Partners at the Creation focuses on Critchfield's mentoring of two of Hitler's former generals, the controversial Reinhard Gehlen and the lesser-known Adolf Heusinger, both of whom would ultimately play large roles in West Germany's national security community. During the war, Gehlen directed the German army's intelligence organization on the eastern front, the Fremde Heere Ost, while Heusinger was wartime chief of the operations division of the German army general staff. Heusinger participated in the resistance movement against Hitler and was jailed for it in 1944; Gehlen did not.

A defender of old-fashioned realpolitik, Critchfield credits U.S. success in occupied Germany to flexibility in handling former enemies, and he uses his own experiences as an example.
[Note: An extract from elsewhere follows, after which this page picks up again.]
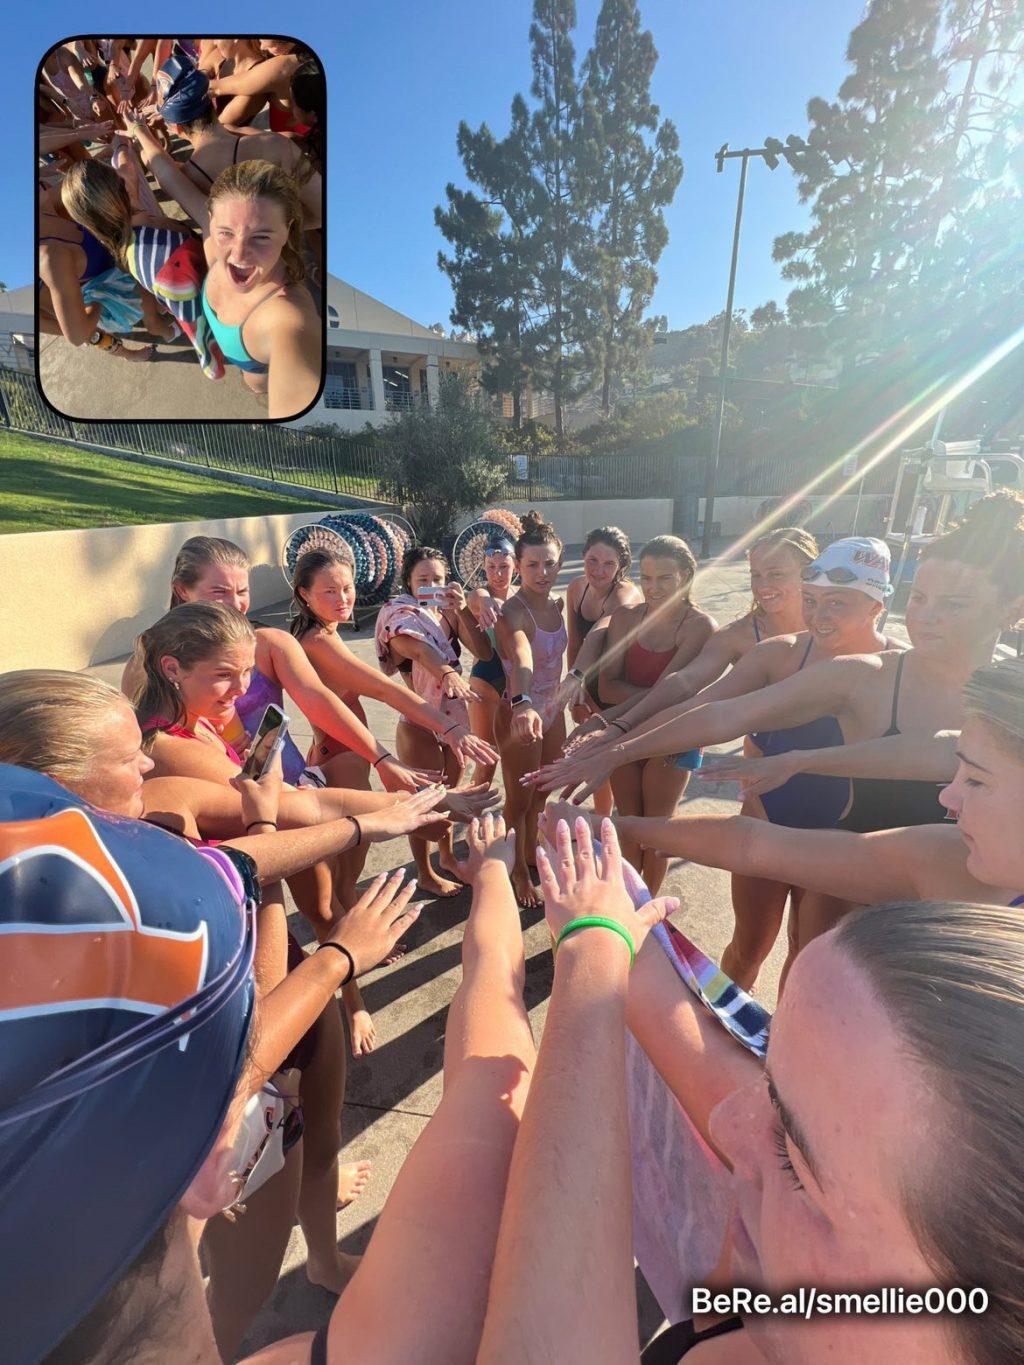 The Swim and Dive team at Pepperdine wins their conference meet. Jenna Sanchez captured her BeReal after the win, as all the girls put their hands together in celebration. Photo courtesy of Jenna Sanchez

Washington's relationship with Gehlen began in 1945-46, when the U.S. Army, looking warily at its Soviet counterpart, asked him to reconstitute both his wartime analytical group and the intelligence networks that had fed Berlin information on the Soviet military. Soon, the Gehlen organization ballooned in size (it eventually comprised 4,000 employees), and the Pentagon was looking for help in subsidizing and handling it. So, in 1947, the newly created CIA was brought into the picture, and by 1948 the agency was Gehlen's sole sponsor, with Critchfield in charge as the man on the ground.

Heusinger ran Gehlen's postwar analytical branch and was more pro-U.S. than his colleague. From 1948 on, he believed that Western Europe could not defend itself alone and that any future West German military would have to be closely tied to NATO. (He would go on to become chairman of NATO's military committee in the 1960s.) "Germany's transition from an enemy to an ally of the United States and the West was probably destined by broader forces," Critchfield writes. "But the ultimate success of this pivotal moment in history should be credited in no small part to Reinhard Gehlen and the small circle of former German Army General Staff officers at the center of the Gehlen Organization."

Those in favor of the swift and extensive rehabilitation of former Baathists and high-ranking military officers in Iraq might well cite Critchfield's experiences in West Germany as evidence of how successful such an approach can be. Yet that would not reflect the true balance sheet of U.S. sponsorship of Gehlen and his crew, for even Partners at the Creation hints that the policy had significant flaws, and observers more detached than Critchfield might take a much dimmer view of the compromises involved.

Gehlen and the CIA, for example, never agreed on how much information the Germans were required to reveal to their occupiers and patrons. "I think Gehlen's inclination to be secretive with the Americans about his organization was a major error," writes Critchfield. "When we reached what seemed to be an impasse on agreeing that he would provide essential information, I closed my briefcase and threatened to terminate my visit. Gehlen backed off and reverted to a compromise on these issues that was acceptable, under the circumstances. However, the issue was never entirely resolved." At the end of the book, Critchfield reveals that one of the costs of leaving this issue open was that the CIA could not force Gehlen to improve his group's operational security. As a result, the Soviets found the Gehlen organization easy to penetrate, and Gehlen's own chief of counterespionage against the Soviet bloc, Heinz Felfe, eventually proved to be a KGB agent.

Only this year, in fact, has the public learned the full extent of the moral and operational costs of the U.S. government's marriage of convenience with these former Nazi intelligence officers, and the Felfe case turns out to have been merely the tip of the iceberg.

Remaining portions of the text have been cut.